After reading, the close () method is called to close the FSDataInputStream.

Read API:1. Download files from hdfs to local

Configuration hdfsConf = new Configuration (); / / create an environment variable for hdfs

String namenodeURI= "hdfs://hadoop001:8020"; / / uniform resource locator for namenode

String username= "root"; / / access the hdfs of the specified user

FileSystem hdfs = FileSystem.get (new URI (namenodeURI), hdfsConf,username); / / create a file system object for hdfs

FileSystem local = FileSystem.getLocal (new Configuration ()); / / create a local file system object

Hdfs.copyToLocalFile (new Path (hdfsPath), new Path (localPath))

3. Read the contents of a given file on hdfs

Path path = new Path (hdfsFilePath); / / File path

FSDataInputStream in = hdfs.open (path); / / get the file input stream

FileStatus status = hdfs.getFileStatus (path); / / get the metadata information of the file

/ / get the file size in the file metadata

Byte [] bytes = new byte [Integer.pareInt (String.valueOf (status.getLen ()]

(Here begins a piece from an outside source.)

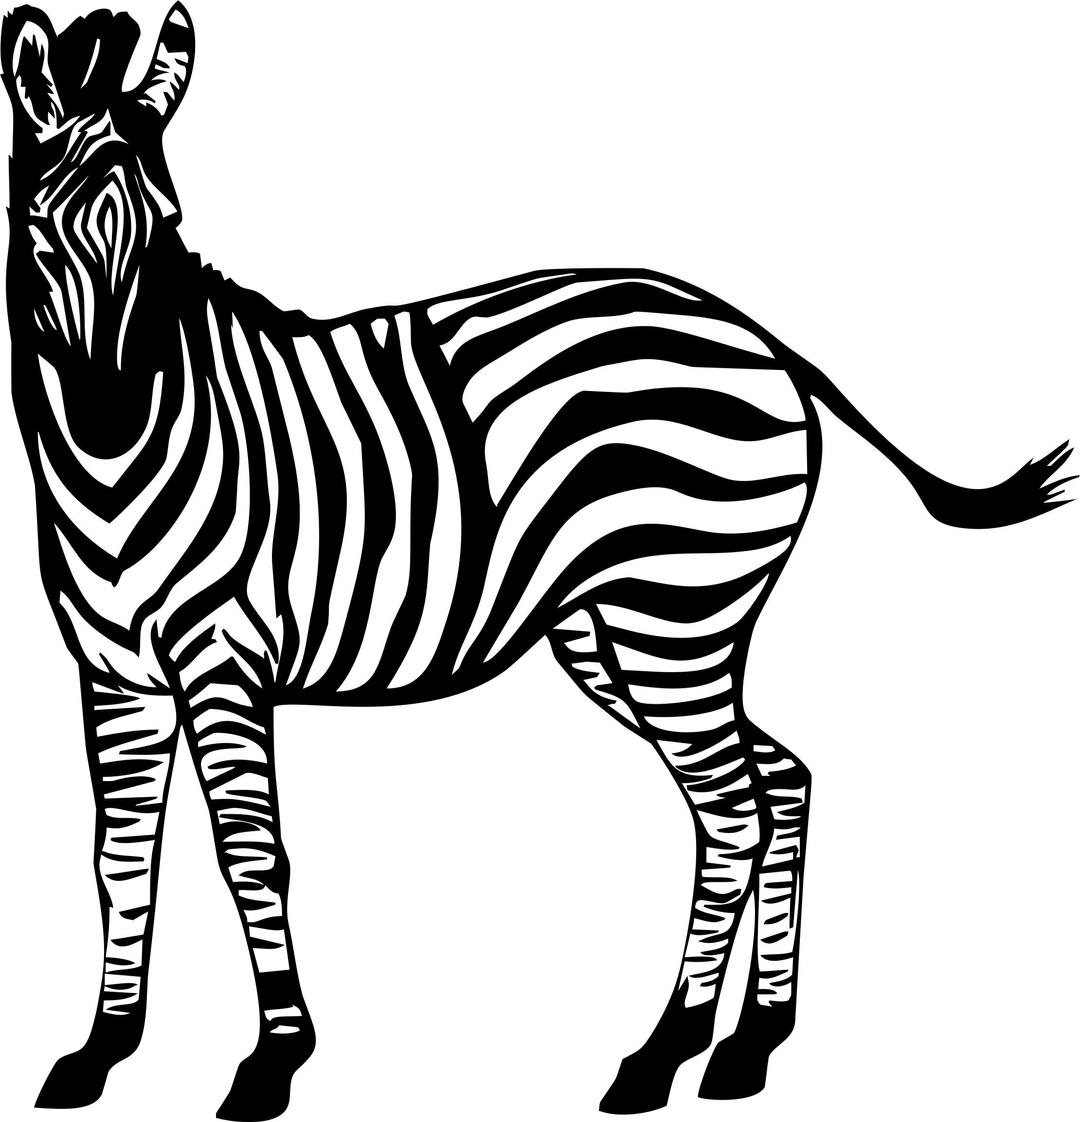 Zebra Illustration png transparent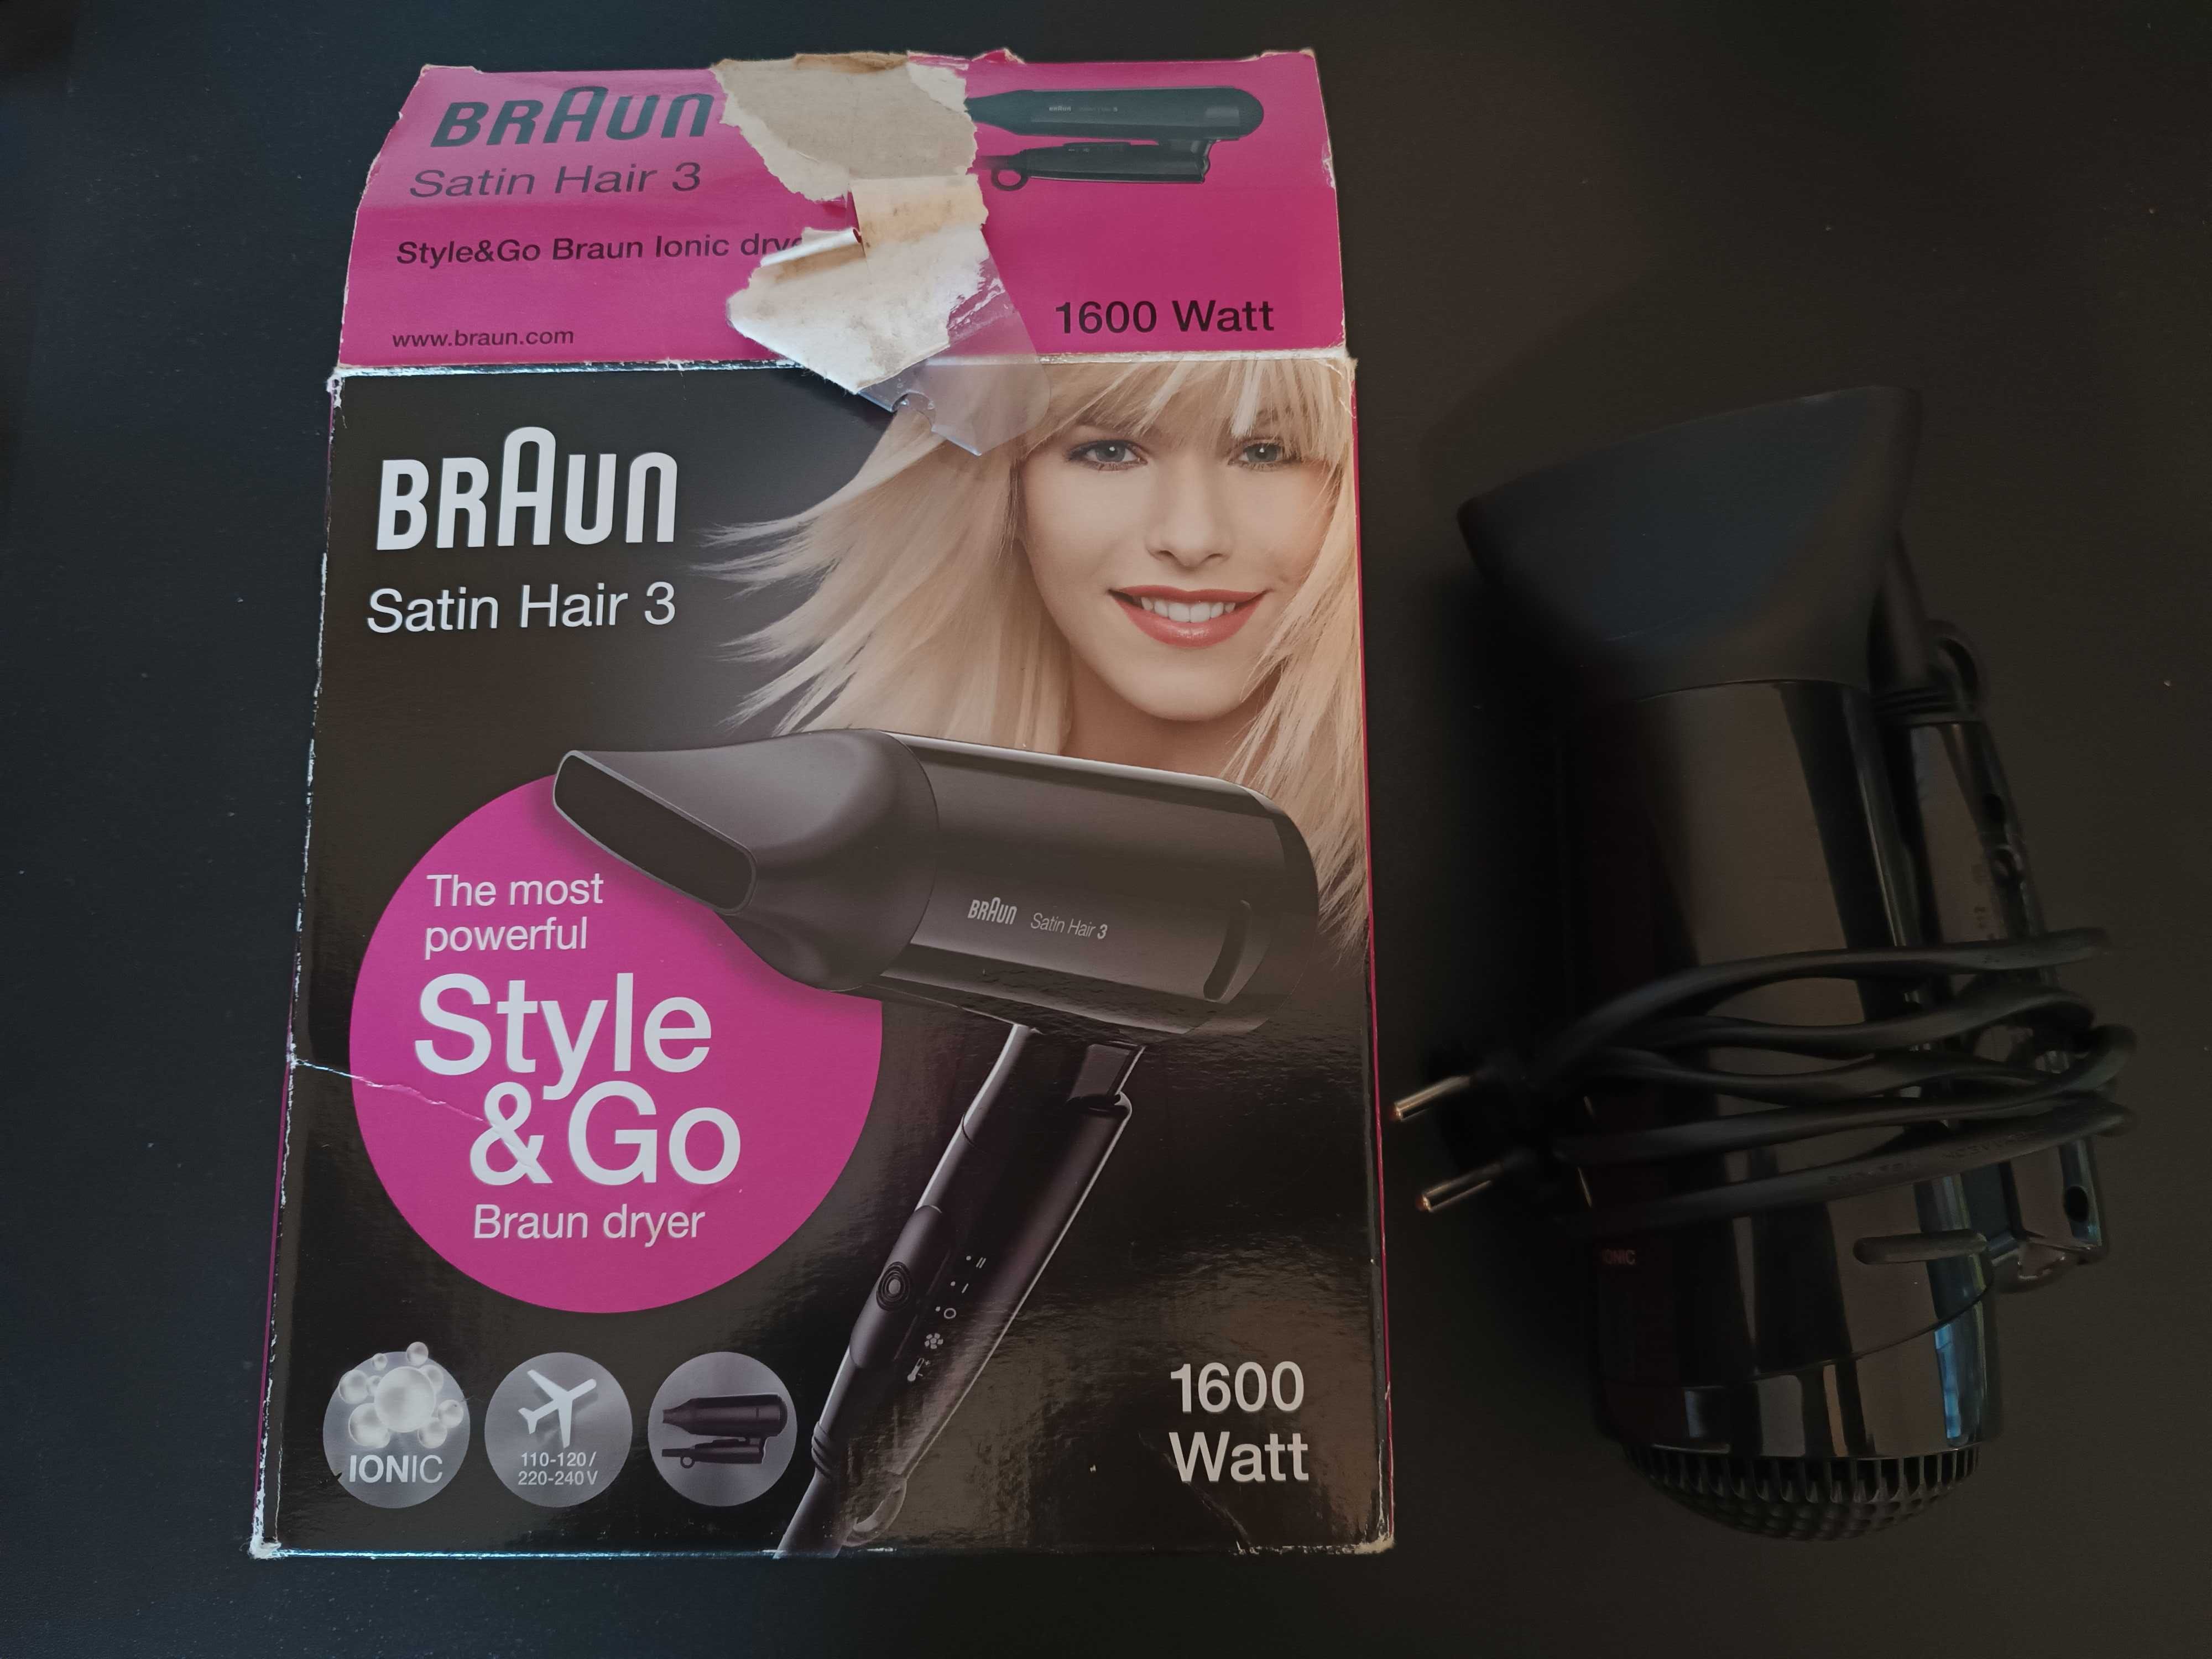 Secador de cabelo travel size Braun satin hair 3

/ / read out all the contents of the input stream at once

In.readFully (0 bytes)

System.out.println (new String (bytes)); / / print out the read file

In.close ()

The whole process of hdfs

Welcome to subscribe "Shulou Technology Information " to get latest news, interesting things and hot topics in the IT industry, and controls the hottest and latest Internet news, technology news and IT industry trends.

*The comments in the above article only represent the author's personal views and do not represent the views and positions of this website. If you have more insights, please feel free to contribute and share.